La faiblesse de cet engagement américain fut notamment confirmée par Philippe Errera lorsqu’il dirigeait la DGRIS, qui dépend du Ministère français de la Défense. Devant la commission d’enquête parlementaire sur les attentats du 13-Novembre, il souligna le manque de mobilisation du Pentagone contre Daech « pendant une bonne partie de l’année 2014, voire de l’année 2015 (…) Or, il nous semblait que, si un tel effort était important, d’autant plus que le gouvernement de ce pays menait des opérations au sol, l’action des États-Unis, au titre de la coalition ou non, devait être plus ambitieuse en Syrie – le Président de la République ainsi que Jean-Yves Le Drian ont insisté auprès d’eux en ce sens –, et que nous devions aller plus loin dans le type d’objectifs visés, par exemple les infrastructures pétrolières » de Daech. Ces demandes furent satisfaites en décembre 2015, lorsque le Pentagone et ses alliés français et britanniques commencèrent tardivement à frapper le réseau pétrolier de cette organisation.
Trois mois plus tôt, le Financial Times expliqua que le « califat » d’al-Baghdadi « avait élargi son emprise et ses opérations sur les infrastructures critiques de Syrie [depuis l’été 2014], dont cinq nouvelles raffineries pétrolières ». Or, durant cette période, l’administration Obama observait cette montée en puissance de l’« État Islamique », estimant que Damas était menacée par cette organisation, et qu’Assad se déciderait donc à négocier son départ. Non anticipée par les analystes du Pentagone, l’intervention russe de septembre 2015 déjouera cette stratégie, « contraignant Washington à abandonner son projet de renverser le gouvernement syrien au profit de la lutte contre Daech », comme nous le résume le spécialiste de la Syrie Joshua Landis. Or, ce revirement stratégique a eu du mal à se mettre en place sur le terrain.

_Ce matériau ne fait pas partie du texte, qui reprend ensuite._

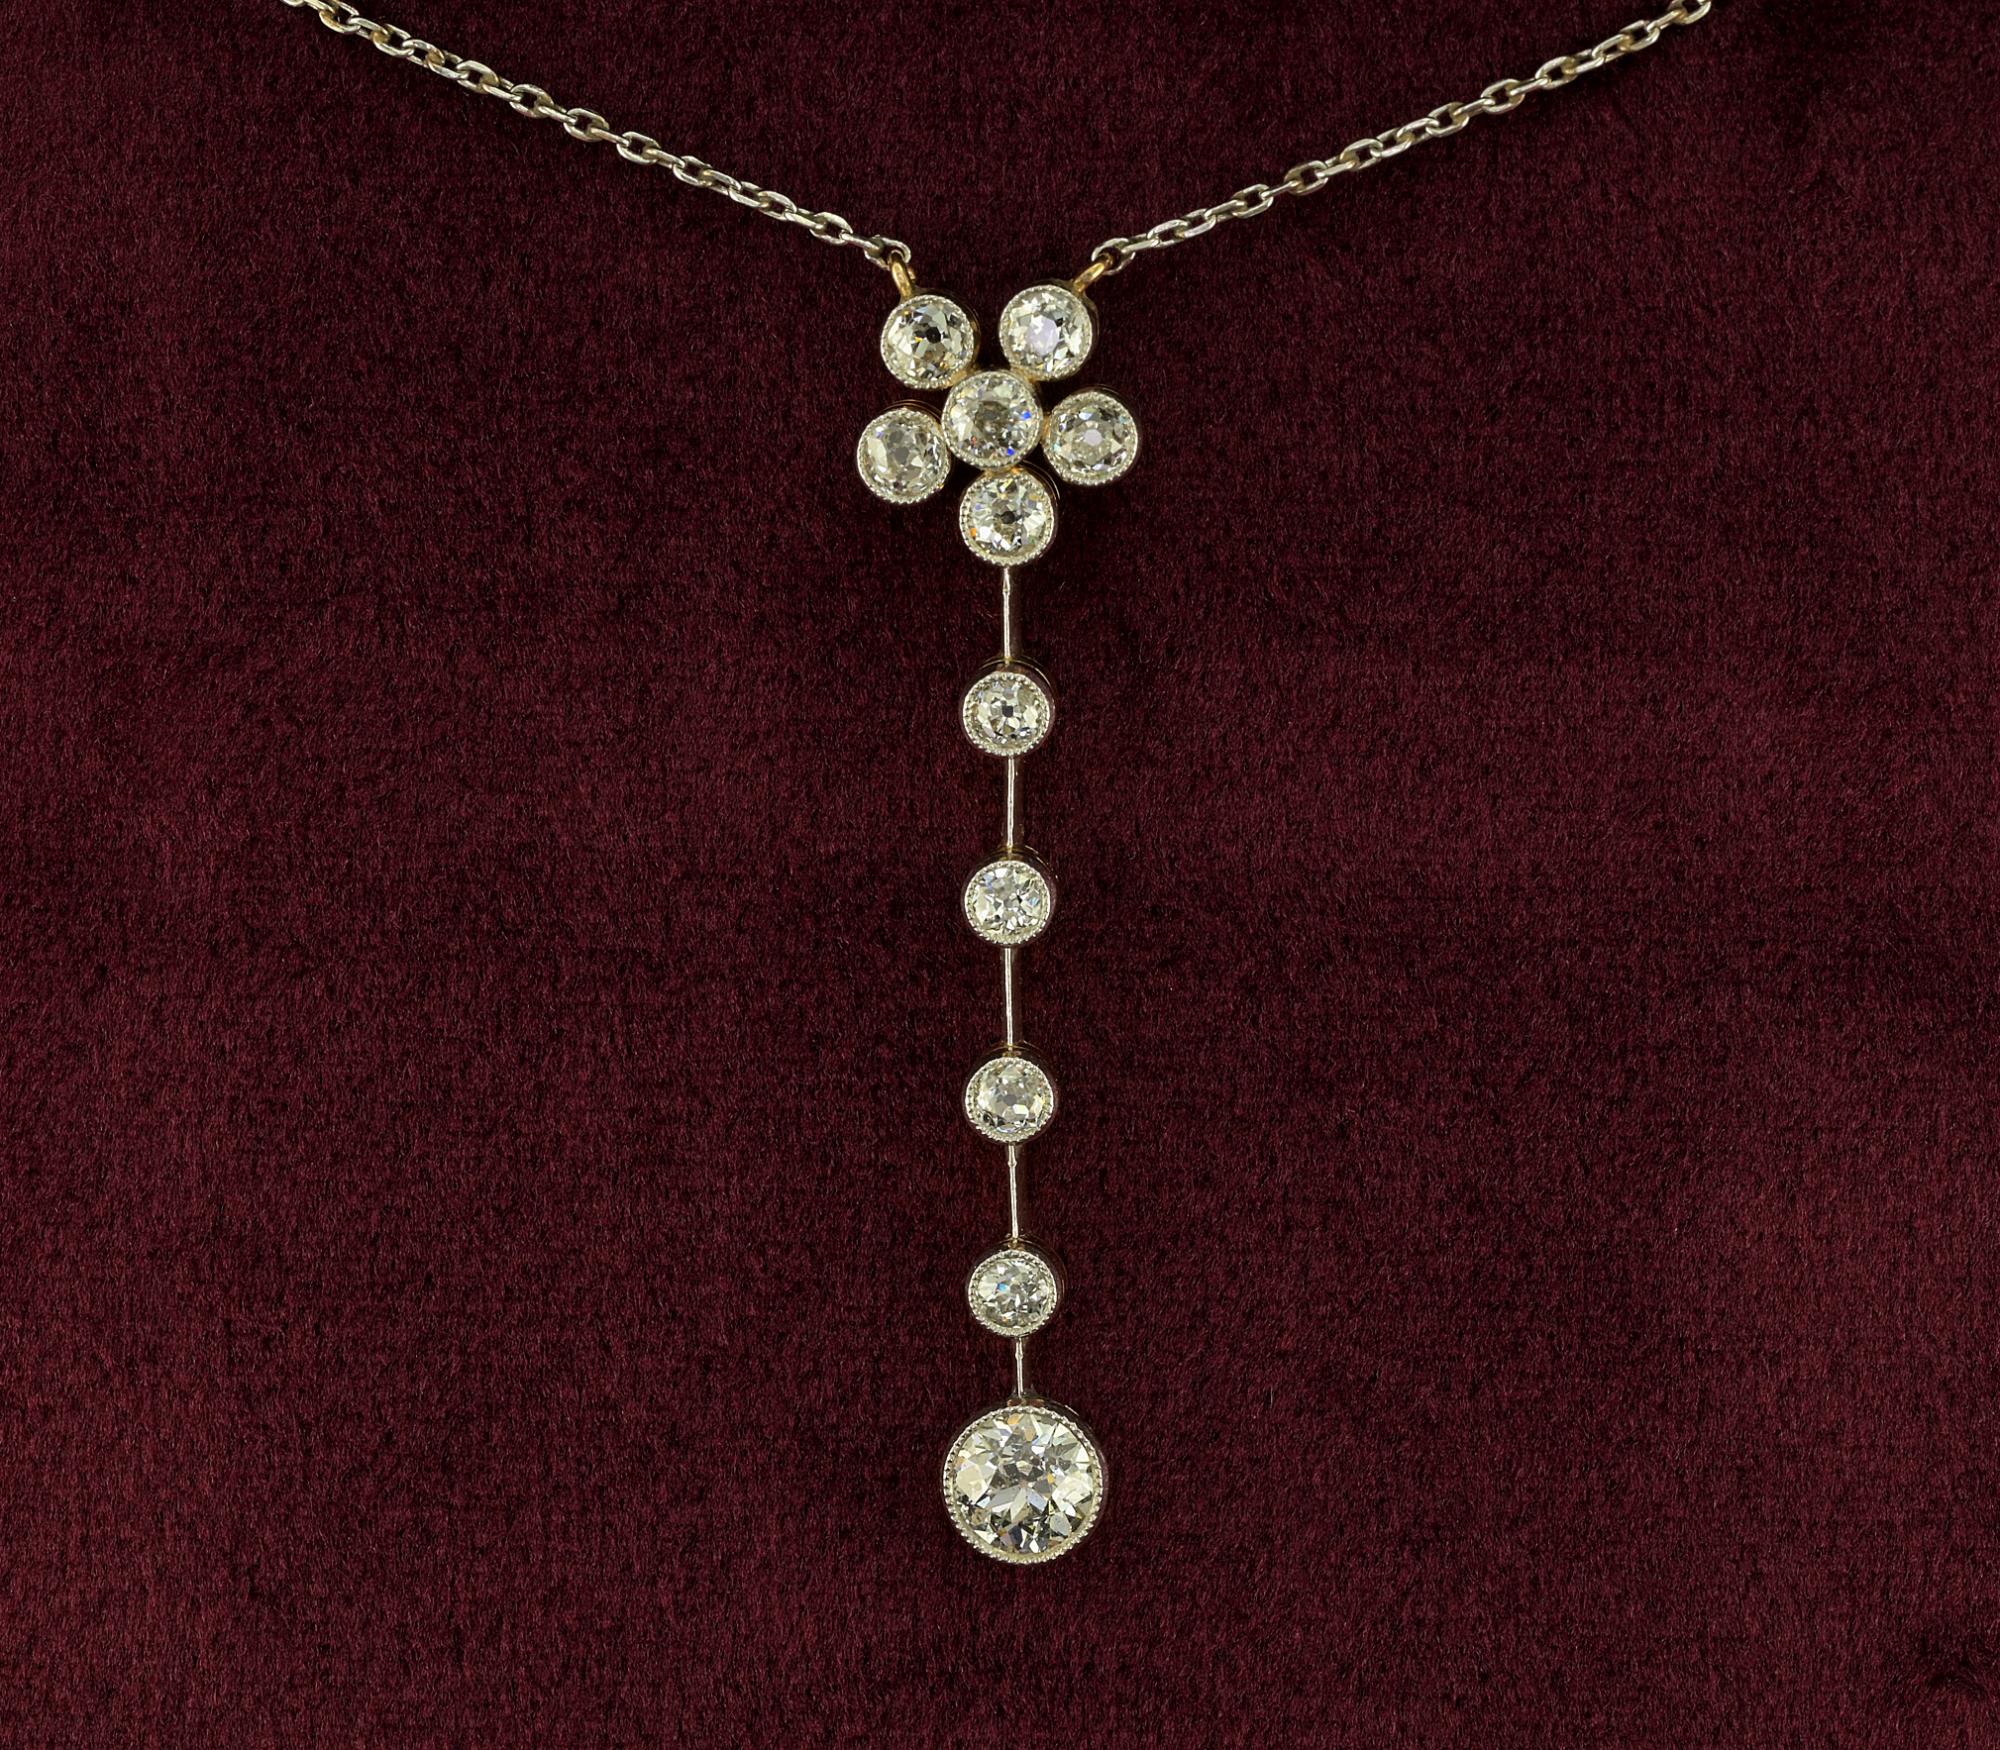 This charming antique Edwardian period necklace is 1905 ca
Exquisitely hand crafted of solid 18 Kt gold topped by Platinum
Consisting in a gorgeous center Daisy shaped Diamond set centre piece, with a line of Diamonds dropping down terminating with

En septembre 2015, lors d’un témoignage devant le Sénat, Lloyd Austin dut admettre l’échec cuisant du programme de soutien des « rebelles modérés » anti-Daech, pour lequel le Pentagone disposait de 500 millions de dollars depuis septembre 2014. À cette occasion, il révéla que seulement 4 ou 5 miliciens parmi la soixantaine de combattants étaient encore actifs dans ce conflit. Le mois suivant, après l’annulation de ce programme, le CENTCOM commença à soutenir les Forces Démocratiques Syriennes commandées par les kurdes. Or, l’année d’après, ces derniers se mirent à combattre les factions anti-Assad appuyées par la CIA, illustrant à quel point les États-Unis avaient perdu le contrôle de leur politique étrangère en Syrie. Dans ce contexte, Lloyd Austin quitta le Pentagone et rejoignit Raytheon cette même année, étant récompensé pour ses opérations désastreuses au Moyen-Orient – en particulier au Yémen. Espérons malgré tout qu’il ait appris de ses erreurs, et que sa relation de confiance avec Joe Biden leur permettra de faire les bons choix, du moins si le Sénat accepte sa nomination.